→ **Supplied data**:

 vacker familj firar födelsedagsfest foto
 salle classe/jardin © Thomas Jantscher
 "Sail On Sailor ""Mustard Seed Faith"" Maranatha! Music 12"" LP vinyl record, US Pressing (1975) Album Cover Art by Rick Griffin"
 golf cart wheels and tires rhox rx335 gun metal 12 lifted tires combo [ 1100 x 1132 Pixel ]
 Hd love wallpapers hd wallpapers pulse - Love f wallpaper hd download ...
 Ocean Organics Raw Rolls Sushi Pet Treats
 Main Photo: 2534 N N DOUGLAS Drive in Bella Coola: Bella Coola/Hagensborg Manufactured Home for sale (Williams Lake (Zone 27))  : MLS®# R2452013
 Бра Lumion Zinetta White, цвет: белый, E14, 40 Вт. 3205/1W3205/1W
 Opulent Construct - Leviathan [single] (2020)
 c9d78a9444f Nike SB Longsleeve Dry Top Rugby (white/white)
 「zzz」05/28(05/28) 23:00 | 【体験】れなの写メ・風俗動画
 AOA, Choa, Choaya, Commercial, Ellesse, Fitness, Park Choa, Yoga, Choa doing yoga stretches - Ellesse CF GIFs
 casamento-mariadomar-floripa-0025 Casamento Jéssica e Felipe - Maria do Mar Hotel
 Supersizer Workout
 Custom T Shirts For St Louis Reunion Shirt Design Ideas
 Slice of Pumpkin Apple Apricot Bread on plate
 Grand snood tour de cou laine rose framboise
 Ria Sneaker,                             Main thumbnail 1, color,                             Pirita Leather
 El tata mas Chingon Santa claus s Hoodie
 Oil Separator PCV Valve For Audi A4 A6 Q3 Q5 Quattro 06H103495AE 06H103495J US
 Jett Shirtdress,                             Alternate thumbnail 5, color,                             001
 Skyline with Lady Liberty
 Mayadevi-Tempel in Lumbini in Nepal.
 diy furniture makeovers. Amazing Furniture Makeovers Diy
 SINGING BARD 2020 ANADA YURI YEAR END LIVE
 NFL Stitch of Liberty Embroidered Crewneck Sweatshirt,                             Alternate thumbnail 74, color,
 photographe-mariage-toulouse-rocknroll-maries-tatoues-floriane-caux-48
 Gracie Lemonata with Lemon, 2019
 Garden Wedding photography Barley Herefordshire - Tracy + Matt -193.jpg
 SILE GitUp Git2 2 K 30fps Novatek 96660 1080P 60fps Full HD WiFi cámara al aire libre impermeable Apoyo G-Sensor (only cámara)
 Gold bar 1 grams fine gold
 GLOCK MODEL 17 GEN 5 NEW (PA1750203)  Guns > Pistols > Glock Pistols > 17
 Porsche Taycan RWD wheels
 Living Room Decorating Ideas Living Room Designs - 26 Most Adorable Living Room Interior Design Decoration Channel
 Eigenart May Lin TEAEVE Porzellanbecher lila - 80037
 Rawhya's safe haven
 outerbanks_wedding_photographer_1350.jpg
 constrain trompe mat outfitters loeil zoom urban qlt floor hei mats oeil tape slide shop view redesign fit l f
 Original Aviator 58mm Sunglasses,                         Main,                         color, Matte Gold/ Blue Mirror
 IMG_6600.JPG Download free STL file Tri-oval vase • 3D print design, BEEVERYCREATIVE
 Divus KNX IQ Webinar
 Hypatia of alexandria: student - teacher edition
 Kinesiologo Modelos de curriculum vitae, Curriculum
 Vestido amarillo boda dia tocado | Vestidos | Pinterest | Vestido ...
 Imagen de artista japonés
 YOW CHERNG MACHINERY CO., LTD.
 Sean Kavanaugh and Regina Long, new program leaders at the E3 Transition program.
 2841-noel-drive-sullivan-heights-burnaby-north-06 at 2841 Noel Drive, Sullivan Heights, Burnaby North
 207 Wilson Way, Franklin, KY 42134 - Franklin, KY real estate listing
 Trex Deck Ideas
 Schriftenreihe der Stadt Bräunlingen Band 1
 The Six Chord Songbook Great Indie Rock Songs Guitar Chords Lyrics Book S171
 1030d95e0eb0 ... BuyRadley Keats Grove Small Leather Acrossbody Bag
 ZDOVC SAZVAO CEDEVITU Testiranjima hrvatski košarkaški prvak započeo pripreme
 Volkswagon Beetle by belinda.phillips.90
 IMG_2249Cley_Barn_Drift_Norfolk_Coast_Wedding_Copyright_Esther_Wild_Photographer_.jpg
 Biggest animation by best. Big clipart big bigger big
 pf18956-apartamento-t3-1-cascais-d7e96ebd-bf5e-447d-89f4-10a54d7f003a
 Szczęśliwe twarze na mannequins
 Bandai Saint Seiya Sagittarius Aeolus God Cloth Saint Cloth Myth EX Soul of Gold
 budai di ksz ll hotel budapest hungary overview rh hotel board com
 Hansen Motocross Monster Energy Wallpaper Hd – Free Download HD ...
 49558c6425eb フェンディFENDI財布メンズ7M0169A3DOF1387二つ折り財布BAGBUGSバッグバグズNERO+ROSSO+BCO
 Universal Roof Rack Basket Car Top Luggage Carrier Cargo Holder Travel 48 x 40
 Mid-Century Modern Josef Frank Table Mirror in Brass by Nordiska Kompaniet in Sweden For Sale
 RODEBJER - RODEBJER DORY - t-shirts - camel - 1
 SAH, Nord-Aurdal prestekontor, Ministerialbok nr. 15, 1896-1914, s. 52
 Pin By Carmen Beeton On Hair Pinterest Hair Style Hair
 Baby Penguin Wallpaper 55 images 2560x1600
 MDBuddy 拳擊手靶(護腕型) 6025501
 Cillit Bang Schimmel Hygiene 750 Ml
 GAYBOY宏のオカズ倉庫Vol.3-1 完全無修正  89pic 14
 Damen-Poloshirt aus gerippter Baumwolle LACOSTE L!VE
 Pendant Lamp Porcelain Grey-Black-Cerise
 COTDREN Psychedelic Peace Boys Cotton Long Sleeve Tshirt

→ **Task item**:
Going down the listing above, begin printing at the line with "Trex Deck Ideas" and finish with the line with "Hansen Motocross Monster", exactly as they appear.

→ **Solution to this problem**:
 Trex Deck Ideas
 Schriftenreihe der Stadt Bräunlingen Band 1
 The Six Chord Songbook Great Indie Rock Songs Guitar Chords Lyrics Book S171
 1030d95e0eb0 ... BuyRadley Keats Grove Small Leather Acrossbody Bag
 ZDOVC SAZVAO CEDEVITU Testiranjima hrvatski košarkaški prvak započeo pripreme
 Volkswagon Beetle by belinda.phillips.90
 IMG_2249Cley_Barn_Drift_Norfolk_Coast_Wedding_Copyright_Esther_Wild_Photographer_.jpg
 Biggest animation by best. Big clipart big bigger big
 pf18956-apartamento-t3-1-cascais-d7e96ebd-bf5e-447d-89f4-10a54d7f003a
 Szczęśliwe twarze na mannequins
 Bandai Saint Seiya Sagittarius Aeolus God Cloth Saint Cloth Myth EX Soul of Gold
 budai di ksz ll hotel budapest hungary overview rh hotel board com
 Hansen Motocross Monster Energy Wallpaper Hd – Free Download HD ...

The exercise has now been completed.